Regardez le patch

Regardez le patch

Au cours des deux dernières années, il y a eu un changement subtil mais significatif dans l'approche adoptée par les gestionnaires d'entreprise à la sécurité du réseau. L'accent n'est plus mis sur l'acquisition ou le déploiement d'outils spécialisés - tels que les scanners anti-virus, les pare-feu, etc. - mais sur le maintien des systèmes à jour pour limiter le nombre de vulnérabilités qui peuvent être exploitées en premier lieu.

En supposant que «la prévention est meilleure que la guérison», c'est une approche éminemment raisonnable à adopter. Cependant, il n'existe pas de système d'exploitation complètement sécurisé, que ce soit une variante Windows, une distribution Linux ou un système d'exploitation hérité Unix, Mini ou Mainframe. De même, il est impossible de rendre les applications à 100% sécurisées.

De nouvelles vulnérabilités sont découvertes tout le temps, nécessitant une vigilance constante pour comprendre quoi et qui pourrait être affectée. Ensuite, vous devez acquérir et installer les correctifs nécessaires dès que de nouveaux exploits potentiels sont découverts. Ajoutez à cette fonctionnalité d'améliorations, des mises à jour pour prendre en charge les nouvelles technologies, les normes, etc., et il est facile de comprendre pourquoi la gestion des patchs est désormais notée par les gestionnaires de réseau comme l'un de leurs plus gros maux de tête. C'est particulièrement le cas sur les grandes entreprises de réseaux, où le travail de maintien des centaines, voire des milliers, de systèmes à jour peut être un processus répétitif, long et fastidieux.

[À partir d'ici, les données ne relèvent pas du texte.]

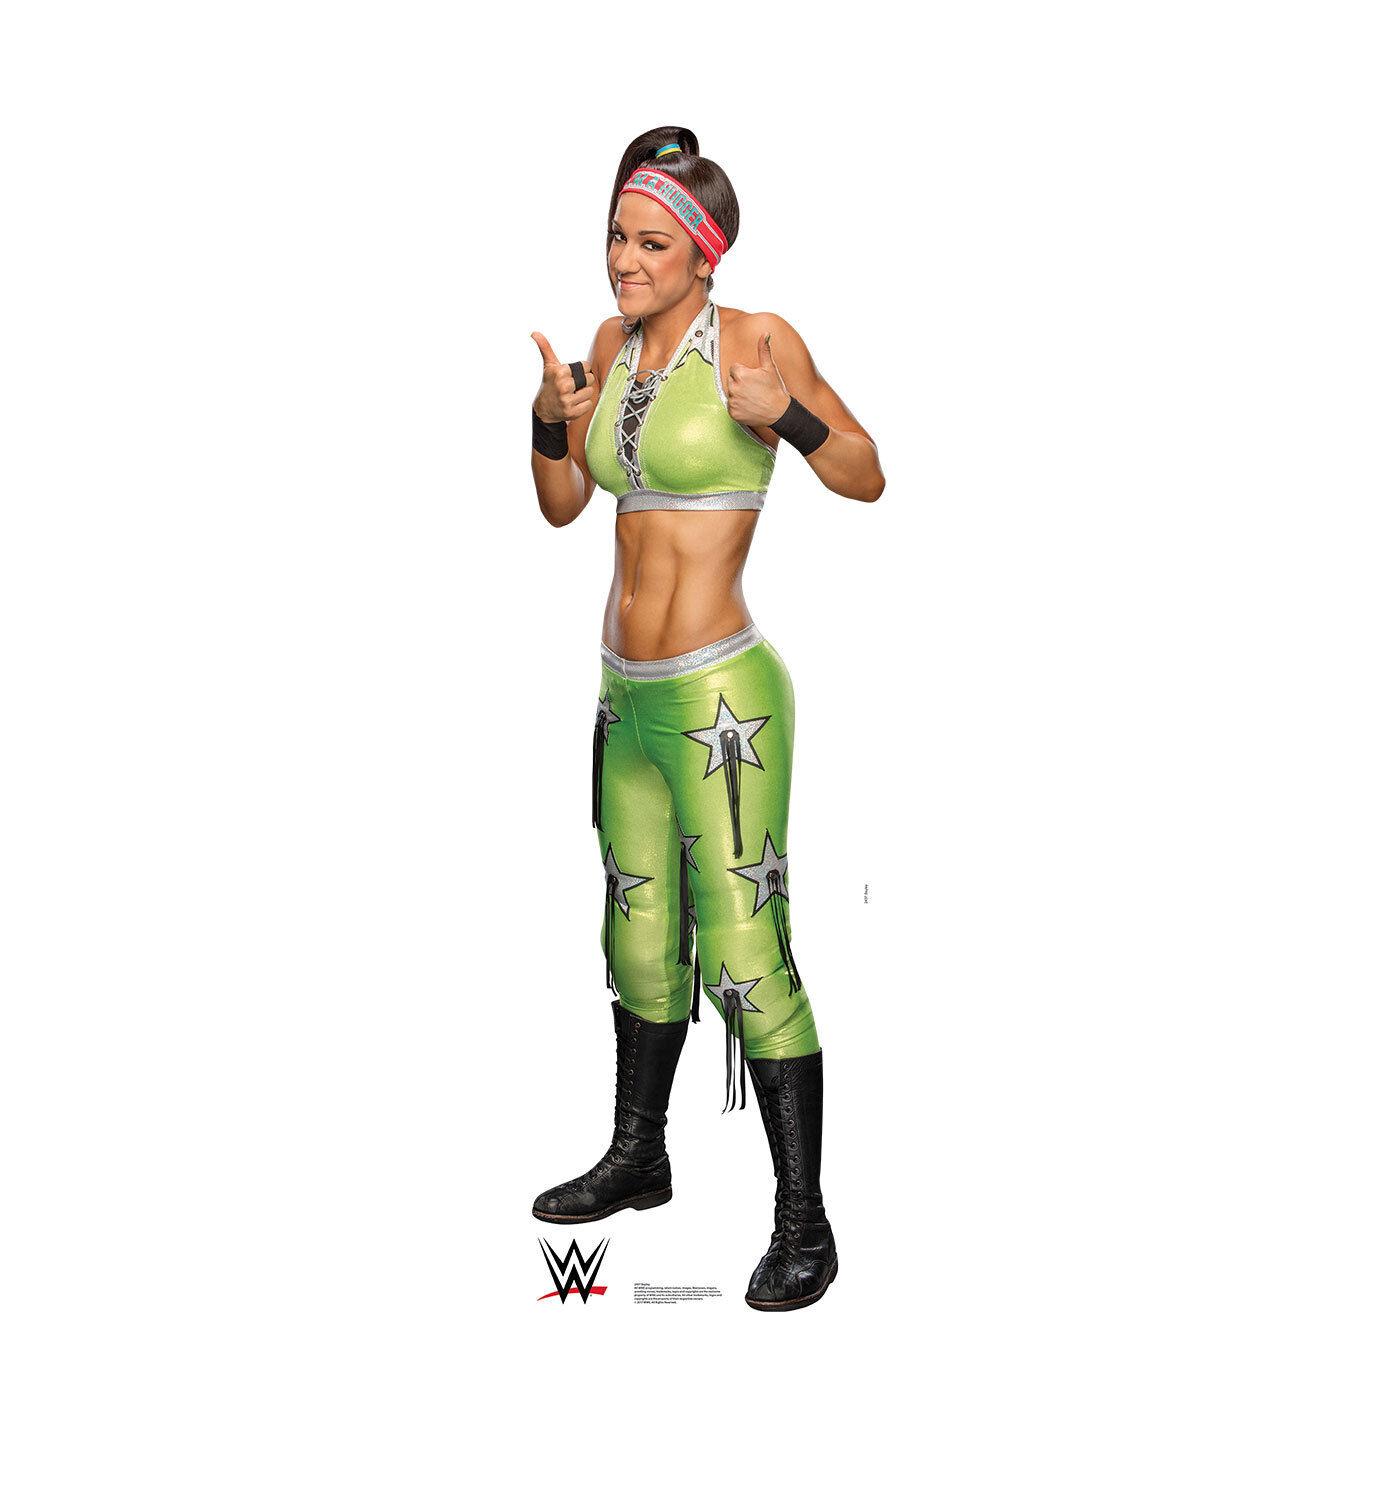 Wwe Bayley Wrestling Fighting Sport Lebensgröße Aufsteller Pappfigur 2437 | Schöne Farbe  | König der Quantität

Du côté positif, une plus grande sensibilisation aux menaces potentielles conduit au développement de logiciels plus sécurisés et de logiciels de plus en plus faciles à garder cette façon. Ajouté à cela, les grands développeurs tels que IBM, Microsoft, Sun, Red Hat se réveillent dans leurs responsabilités et fournissent de nouveaux outils de gestion de mise à jour et des services de soutien pour aider les clients à gérer le processus de correction.

Jetons donc un coup d'œil à ce qui est disponible pour automatiser les tâches de gestion des patchs.

Patch de Microsoft mardi

Ce n'est peut-être pas le premier vendeur de renom à s'attaquer au problème (tout à fait l'inverse), mais Microsoft a récemment fait de grands progrès pour aider les utilisateurs à garder leur logiciel à jour et à l'attaque de l'attaque. Inévitablement, une grande partie de ce travail a continué dans les coulisses, avec des ressources supplémentaires jetées à l'identification des vulnérabilités et à la réponse par des mises à jour, des fixes chauds et d'autres patchs en temps opportun.

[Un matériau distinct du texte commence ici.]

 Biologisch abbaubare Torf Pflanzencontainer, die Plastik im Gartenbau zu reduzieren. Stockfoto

La manifestation la plus évidente est le service de mise à jour automatique de Windows, dont un client est inclus dans chaque copie de XP ainsi que pour Windows 2000 dans SP 3 et supérieur.

Une aubaine pour le consommateur et les petites entreprises, tout ce qui est nécessaire pour que les mises à jour automatiques fonctionnent est une connexion Internet. Cependant, cela peut en fait être une nuisance sur un grand réseau où des milliers de PC pourraient essayer de télécharger les mêmes correctifs en même temps. Ceci est un problème exacerbé par le cycle de version Microsoft, qui voit la plupart de ses mises à jour publiées le deuxième mardi de chaque mois. Ou «Patch mardi», comme il est connu par les administrateurs de réseau dont les charges de travail montent en flèche lorsque les nouveaux correctifs sont affichés.

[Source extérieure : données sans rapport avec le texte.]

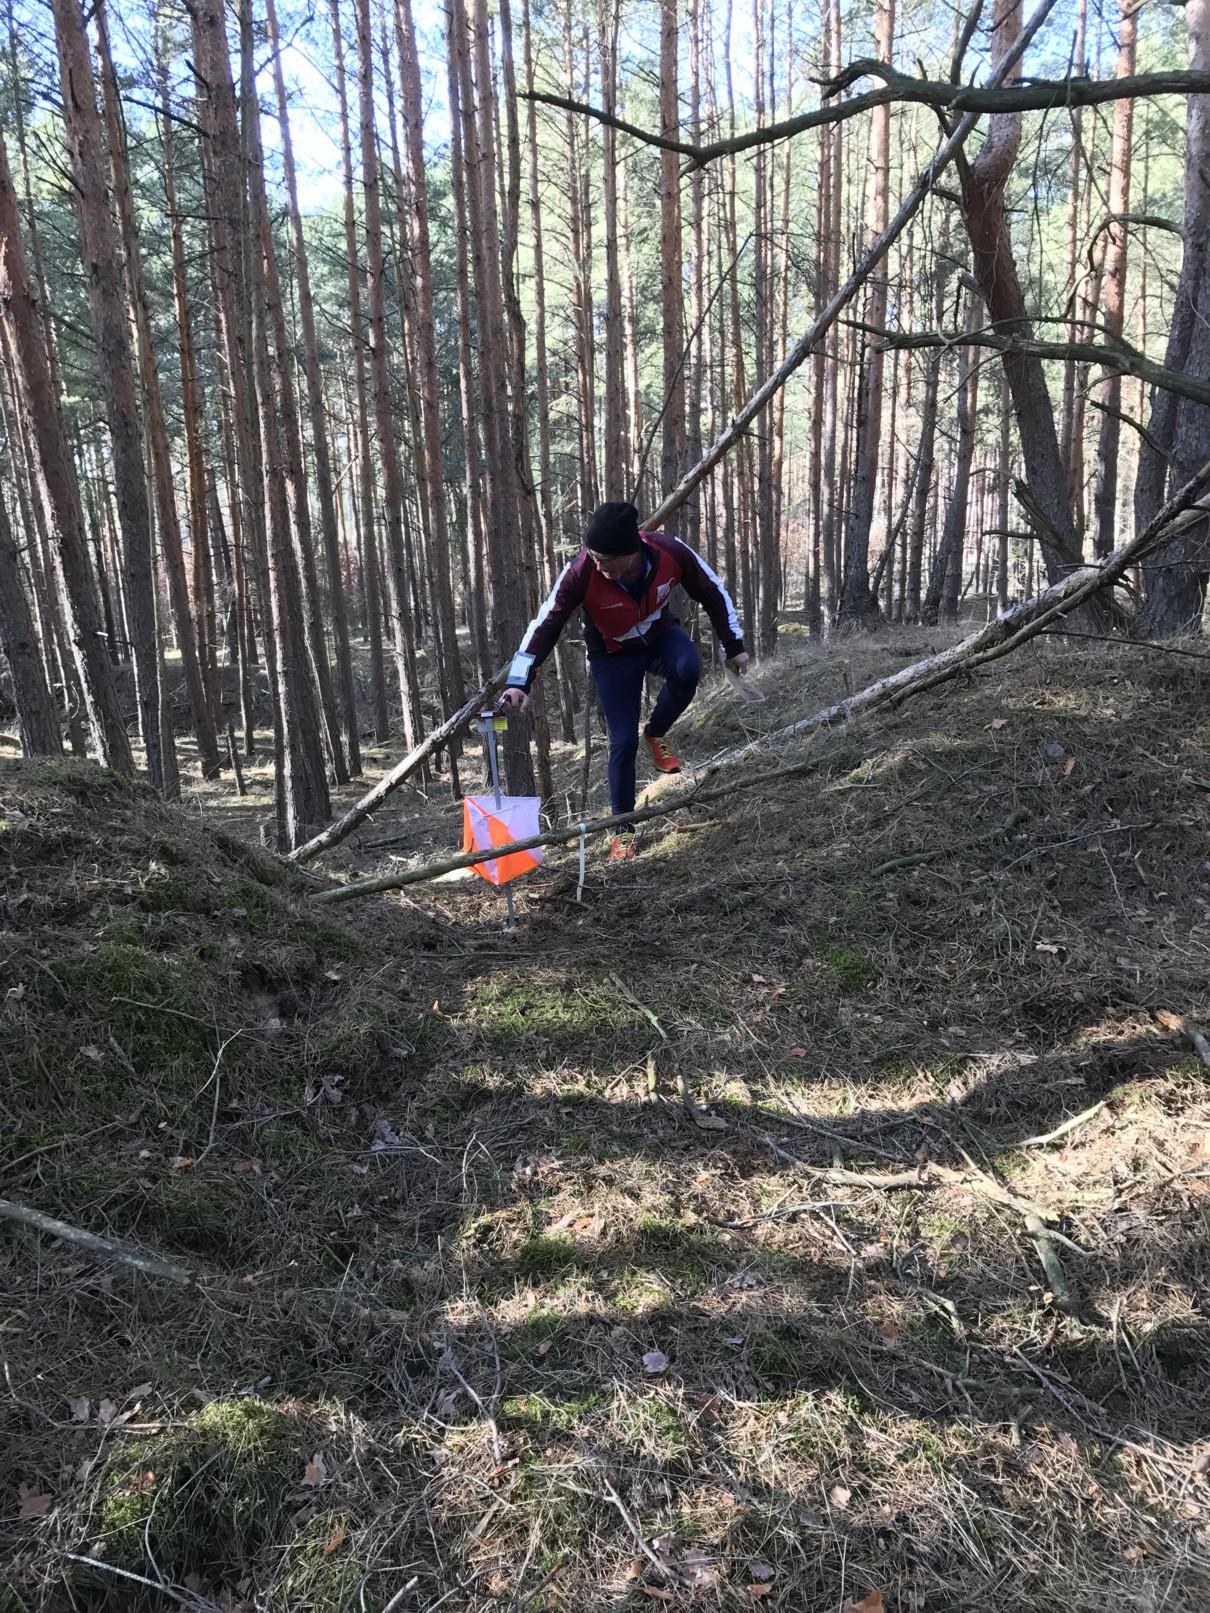 a4-maerkischer-kiefern-ol-saisonauftakt-2019-1.jpg

En conséquence, la plupart des clients d'entreprise choisissent de désactiver régulièrement l'option de mises à jour automatique à l'aide de la stratégie de groupe, préférant tester les mises à jour elles-mêmes avant de les appliquer. De cette façon, il est possible de dépister les conflits possibles avec d'autres applications et les incompatibilités matérielles avant que les utilisateurs ne mettent la main sur les correctifs. Cependant, les mises à jour approuvées doivent encore être distribuées et installées, de sorte que Microsoft a introduit un outil appelé SUS (Software Update Services), qui peut être téléchargé gratuitement et s'exécuter sur un serveur Windows, pour aider à gérer le processus de mise à jour.